20:27 🔗 arkiver so http://pixori.al/7sAR is http://pixori.al/7sar
20:28 🔗 arkiver so there are for http://pixori.al/**** 1679616 urls
20:30 🔗 arkiver wow.
20:30 🔗 arkiver going fast, running crawl on the 1048576 urls from the http://pixori.al/***** and it's going 3 urls per second
20:30 🔗 arkiver well, not extremely fast, but better then earbits
20:30 🔗 SN4T14 A *whole* 3 urls per second. :p
20:31 🔗 SN4T14 Why don't you start multiple instances of your script?
20:31 🔗 arkiver SN4T14: will do that
20:31 🔗 arkiver will start 5
20:32 🔗 db48x it's more than just 0-9a-f
20:32 🔗 db48x alas
20:32 🔗 arkiver db48x: do you have an example url?

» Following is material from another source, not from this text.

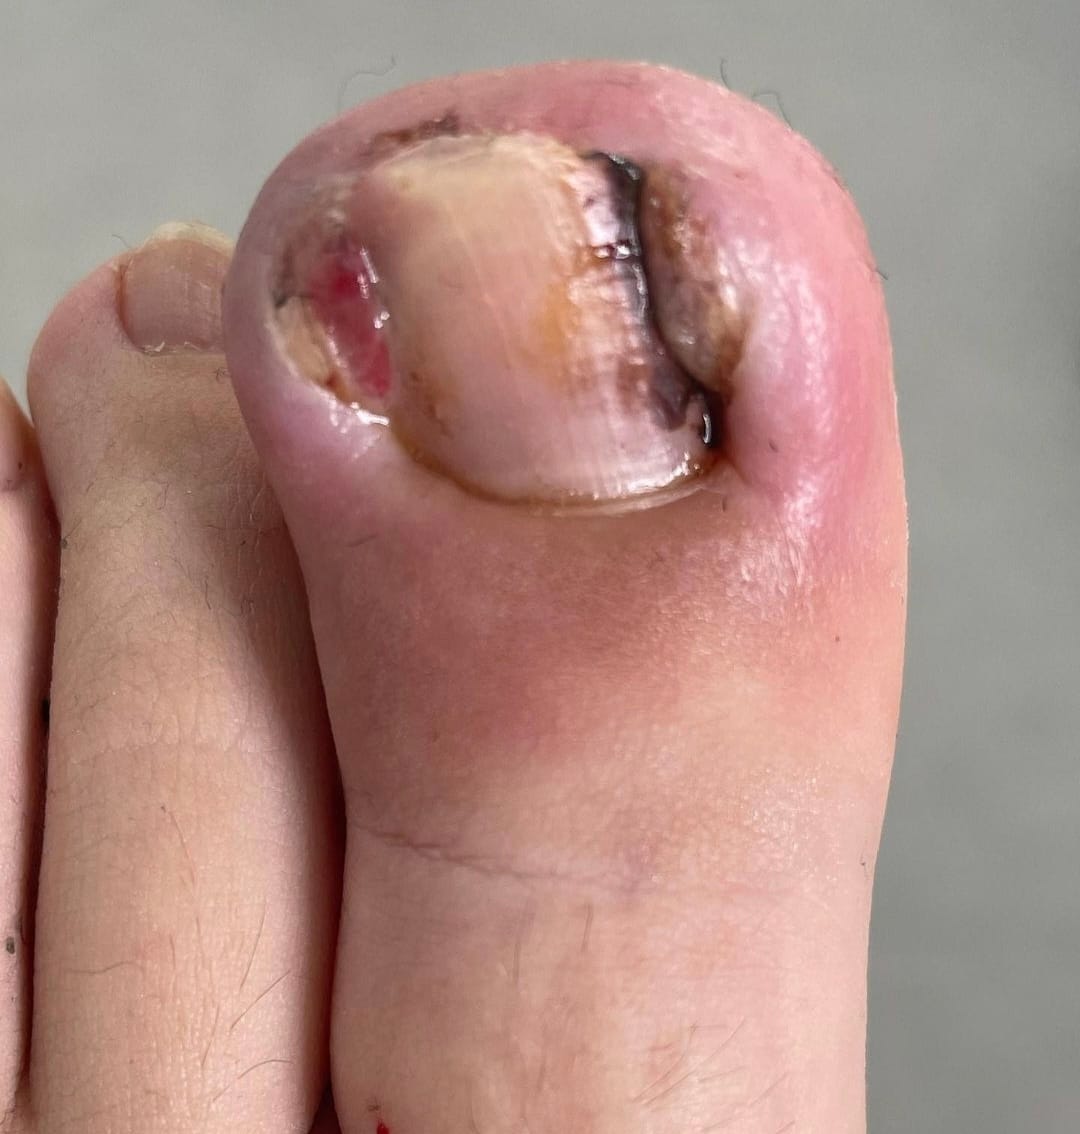 When should I see a podiatrist about my ingrown toenail? - Active Care  Podiatry

20:32 🔗 db48x arkiver: oh, good, we don't have to deal with capitals as well :)
20:33 🔗 arkiver db48x: oh sorry, I see
20:33 🔗 arkiver so on http://pixori.al/**** it is 0-9a-z and http://pixori.al/***** is 0-9a-f
20:34 🔗 midas Rawporter data is downloaded
20:34 🔗 arkiver I tested around 15 urls and they were all up to f from http://pixori.al/***** , but there could be more then f...
20:34 🔗 arkiver if anyone finds such a case
20:34 🔗 midas f seems logical, being hex
20:35 🔗 midas Rawporter ended up being 75GB of data
20:35 🔗 arkiver :)
20:35 🔗 arkiver o images only?
20:35 🔗 arkiver of*
20:36 🔗 db48x if the final digit only goes up to f then that's still 26.8 million
20:36 🔗 midas images and video
20:37 🔗 arkiver db48x: how do you get that number?
20:37 🔗 arkiver 16^5 is 1048576
20:38 🔗 db48x 36^4*16
20:39 🔗 db48x although it could be two separate namespaces, in which case it's 36^4 + 16^5
20:39 🔗 arkiver yes....
20:40 🔗 arkiver it's 36^4 + 16^5, so that's 1679616 + 1048576 = 2728192 urls
20:40 🔗 arkiver but maybe also the http://pixori.al/*** , http://pixori.al/** and http://pixori.al/* exist..
20:44 🔗 schbirid http://pixori.al/* always redirects to http://myhub.pixorial.com/s/* which then redirects to the actual URL. you can save one redirect by using the myhub URL directly. saved almost 20% on my simple tiny test
20:47 🔗 schbirid ok, the second test just gave ~4% though :P
20:52 🔗 arkiver cool
20:52 🔗 arkiver Wayback is also playing the videos very well in the browser
20:52 🔗 arkiver http://web.archive.org/web/20140619195035/http://myhub.pixorial.com/video/636a65d9042aa8416876197a9c44e38b
20:55 🔗 arkiver going to split list of links from http://pixori.al/***** into 5 packs
20:55 🔗 arkiver no, 10 packs
20:55 🔗 arkiver then download them simultaneously
20:55 🔗 arkiver hopefully, they don't have some kind of stupid banning system...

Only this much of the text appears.